I’d never watched the show before. The preview looked good, and I thought to myself "This looks pretty good. I guess I’ll watch it. What could ‘Code Black’ be? Maybe it’s some kind of contagion. Maybe some patient goes nuts & starts holding people hostage. Heck, the only bad story I can think of is that some dumb schmuck somehow gets a bomb stuck in his chest. Wouldn’t that be ridiculous - code black means ‘Patient Got Bombs!’ :rolleyes: "
…
I went to bed right after the ‘moron friend’ showed up, and won’t be tuning in next week.
Give it another shot. This show is very much about the dynamics between the characters. That’s something that you really can’t get a clear picture of after only 1 episode. Grey’s is consistantly well written and the acting is often incredible.
It has the ability to make you laugh in one scene and cry in the next.
Like Earthworm Jim, I saw the previews & thought I’d give Grey’s Anatomy a shot. And like EJ, I thought a Code Black was going to turn out to be some kind of eeevil pathogen.
Honey- yes, it’s well-acted but I did more than one :rolleyes: in an hour for my liking. Frankly, what appealed to me the most is the actress who was in Sideways. She’s great. However, I can live without her, and the disappointing predictability of a network drama.
I’ll stick to Trauma: Life In The ER and other Discovery Health shows for medical drama. Real medicine without the contrived plots within plots.
What really bugged me about this episode was how Alec ran allllll the way upstairs to the OR when he figured out there was a bomb inside the patient. Why didn’ t he just pick up the phone and call? That’s how the crisis (“Code Black”) was handled later on in the episode when the other OR was notified. I suppose a phone call wouldn’t have been quite as dramatic as a breathless “up the stairs and down the endless hall will he make it on time, oh no, they might all blow up!” scene though.

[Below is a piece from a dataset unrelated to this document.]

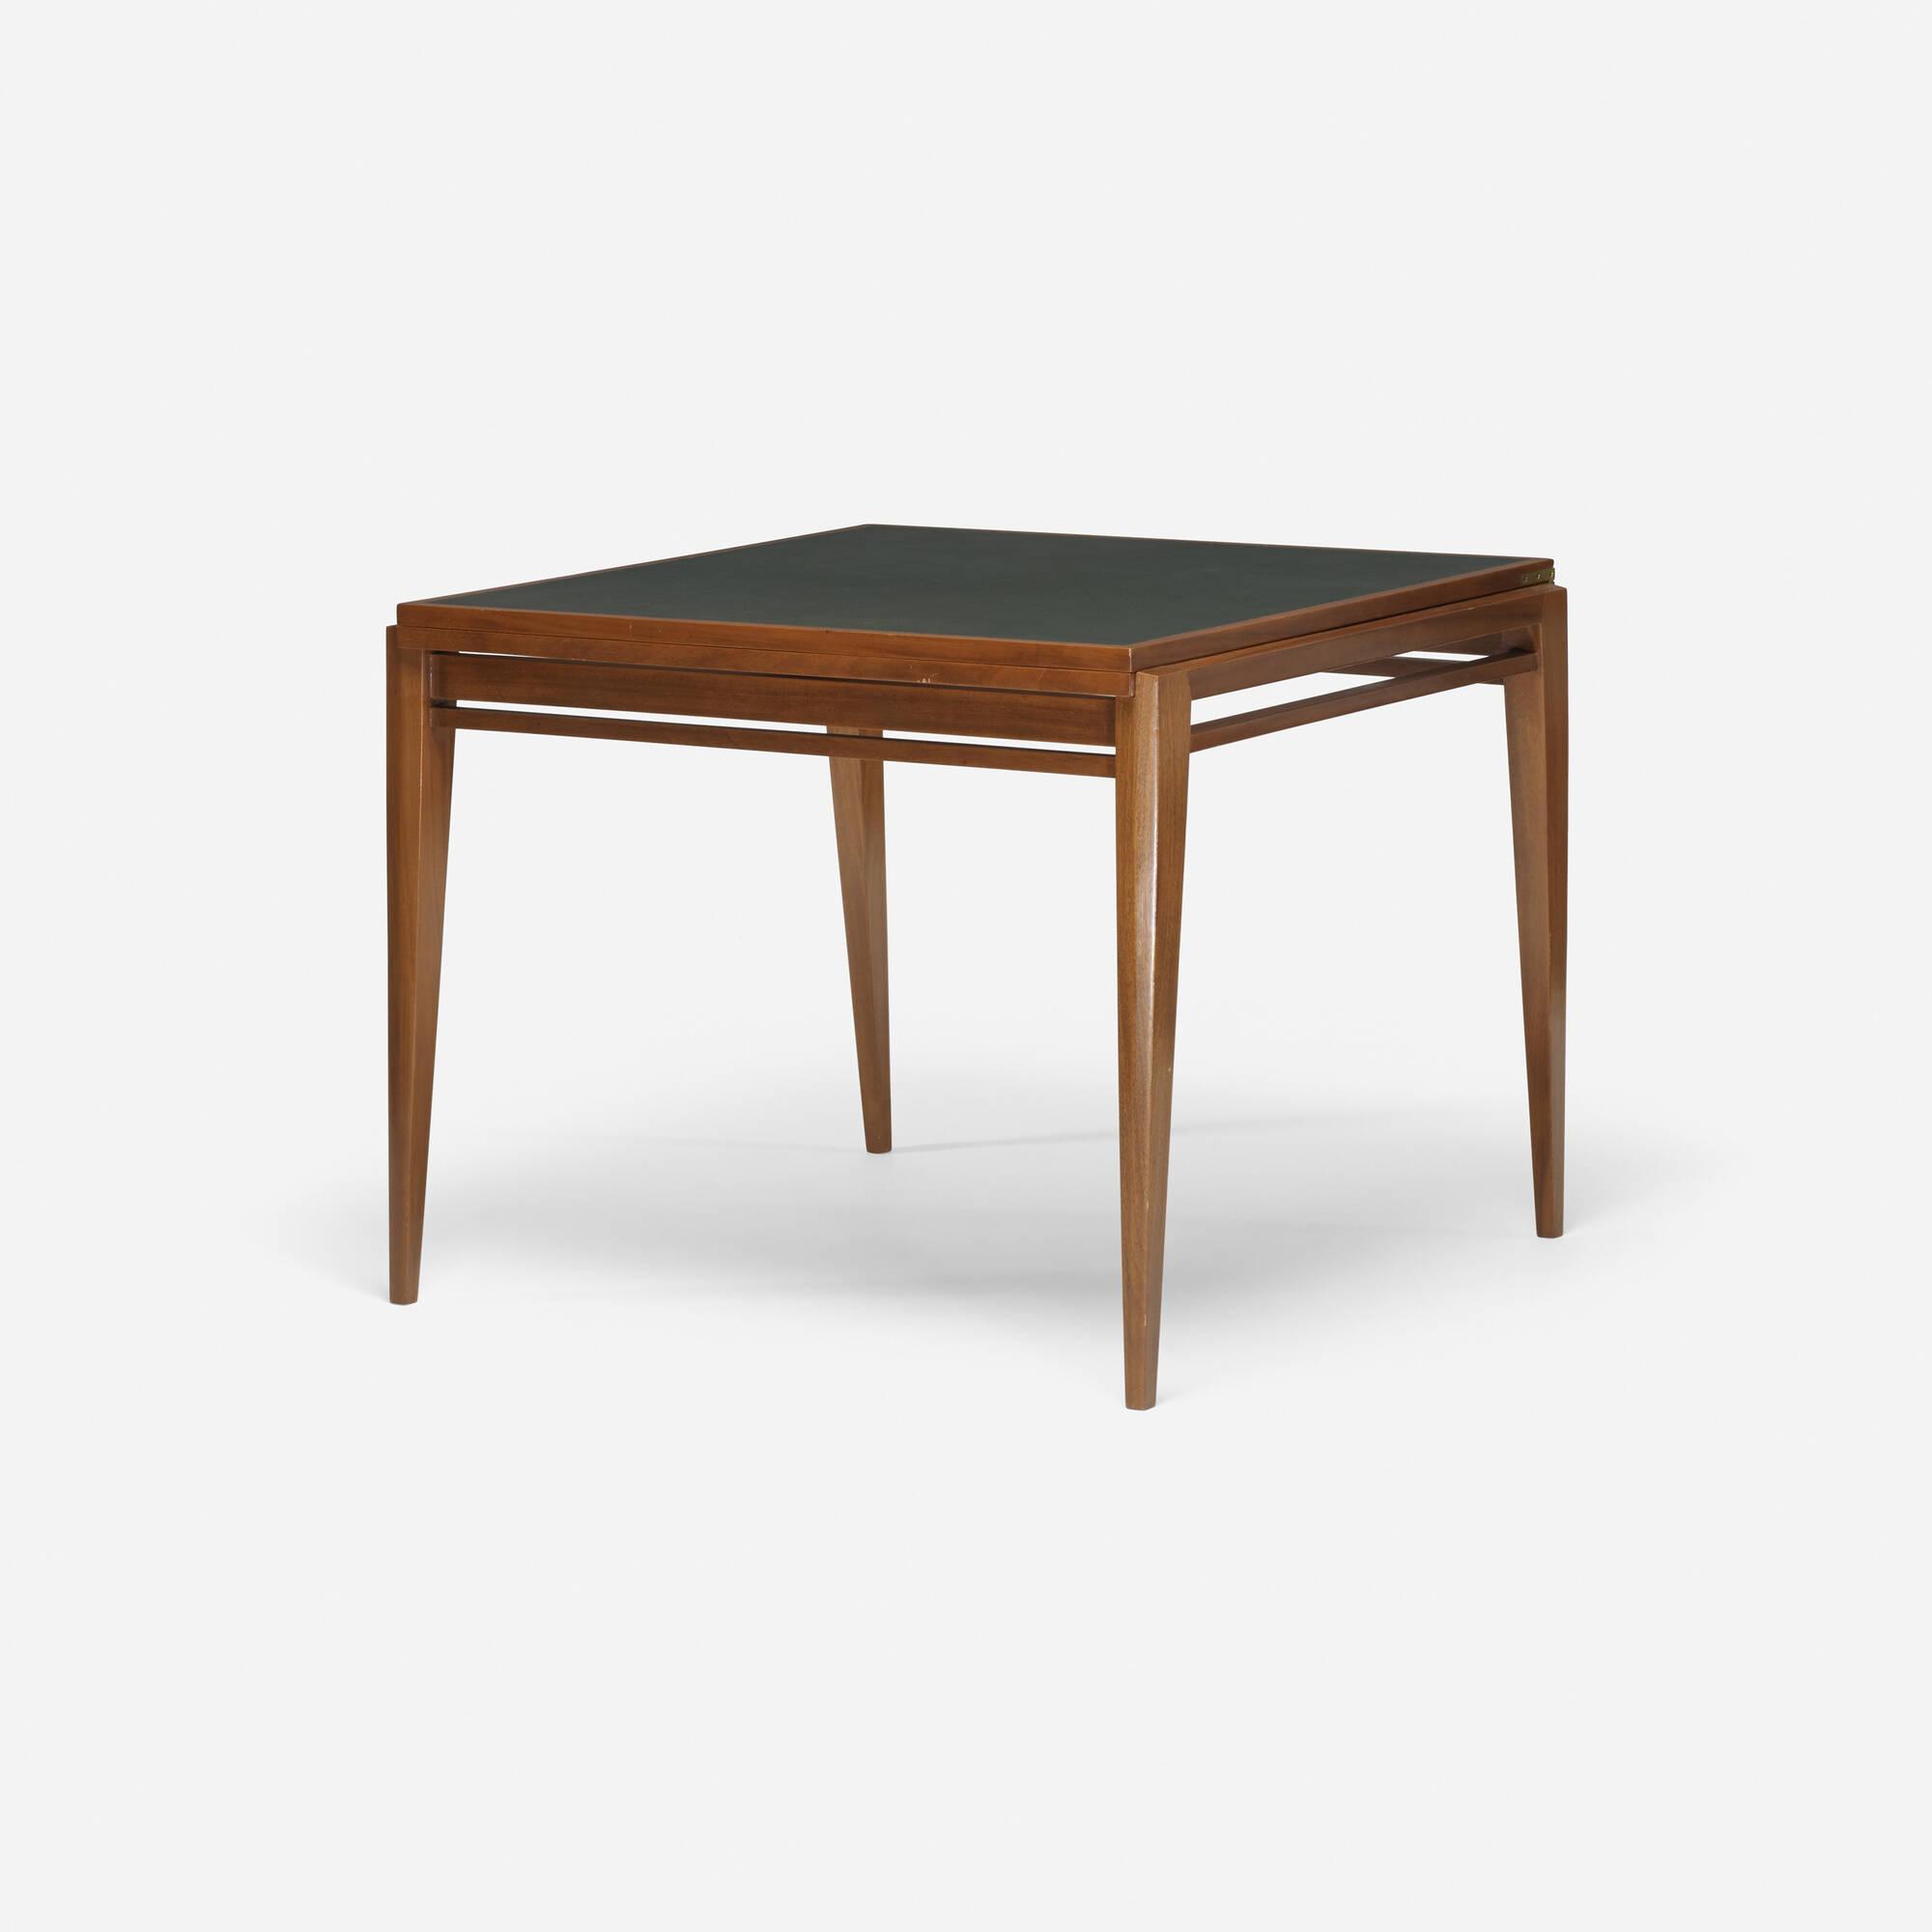 342 french flip top dining table. Black Bedroom Furniture Sets. Home Design Ideas

Fact check: is a bazooka shell really so dangerous to require such a huge evacuation? I wouldn’t think it could injure anyone beyond the immediate room.

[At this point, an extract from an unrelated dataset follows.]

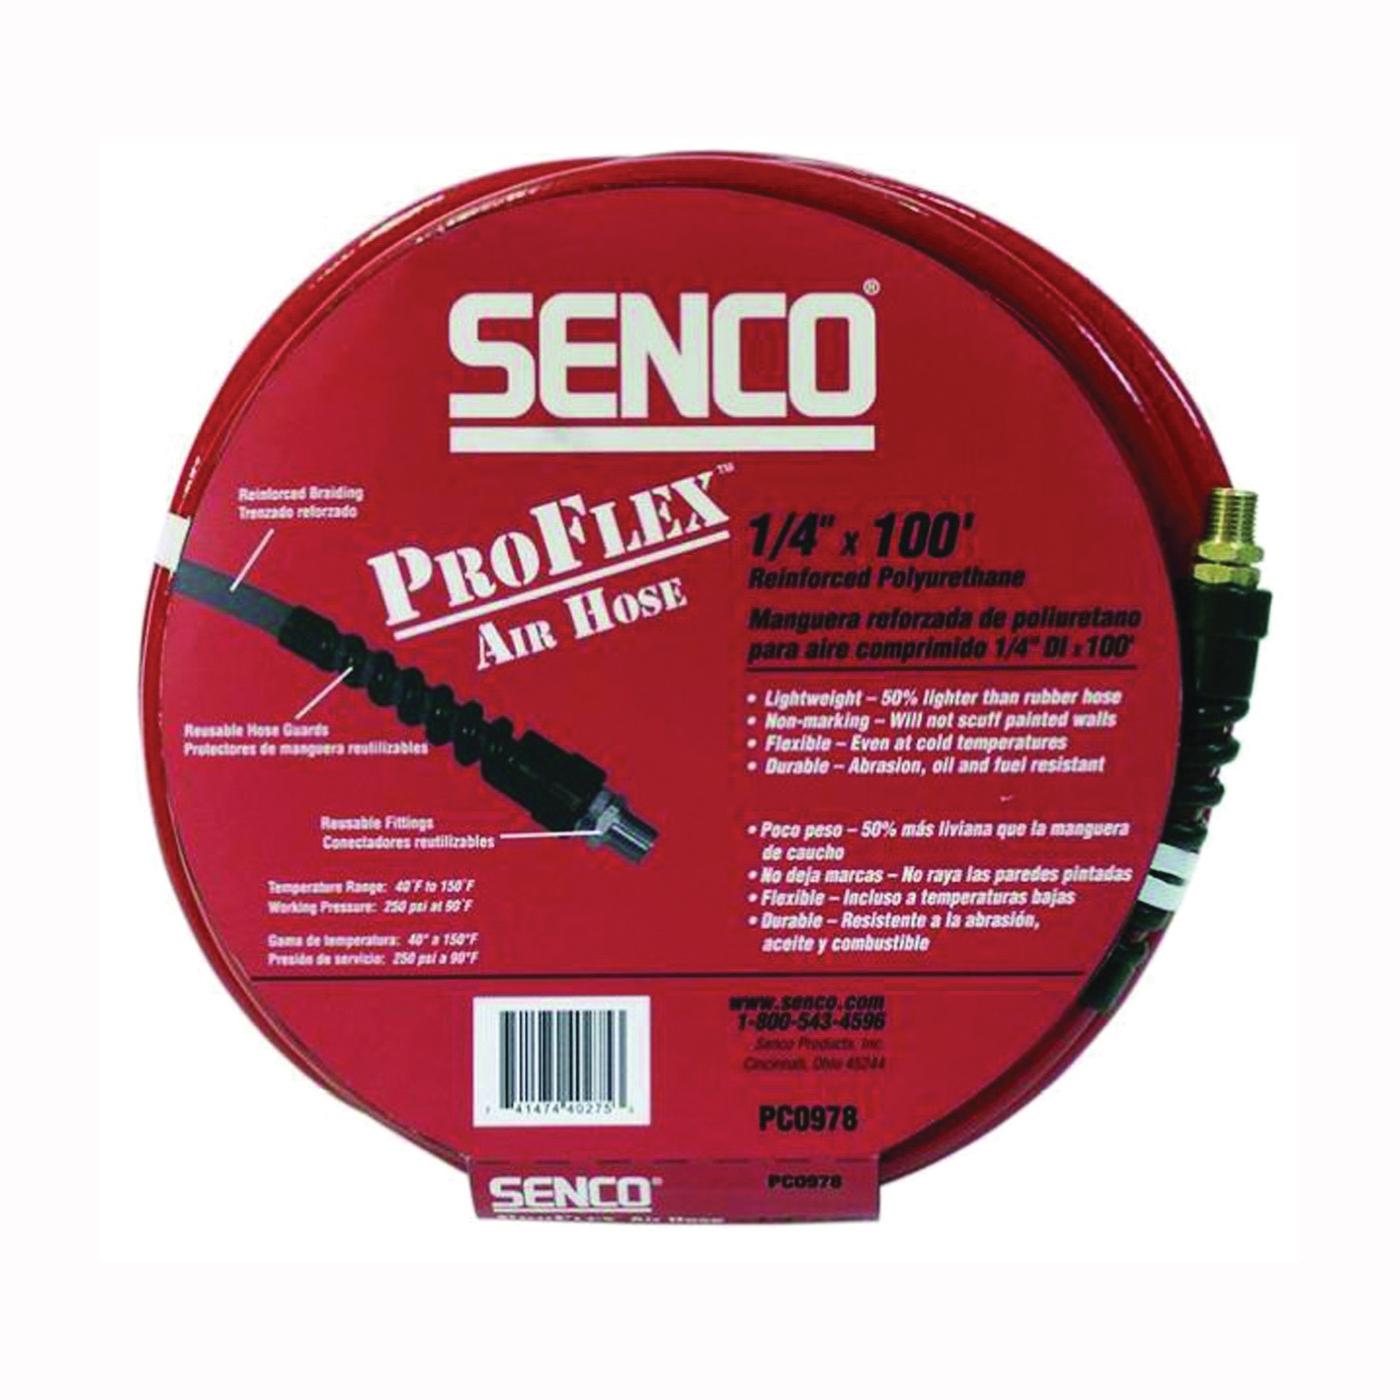 Picture of SENCO PC0978 Air Hose, 1/4 in OD, 100 ft L, MPT, 250 psi Pressure, Polyurethane

I like this show better than Desperate Housewives, but it’s starting to fall into the typical drama-show trap: adding plot twists and non-sequiturs in order to build emotion and suspense. That totally turns me off.
I wondered about this at the time, but it made a little more sense you realize he was trying to get specifically to that doctor in time, and to not cause a panic.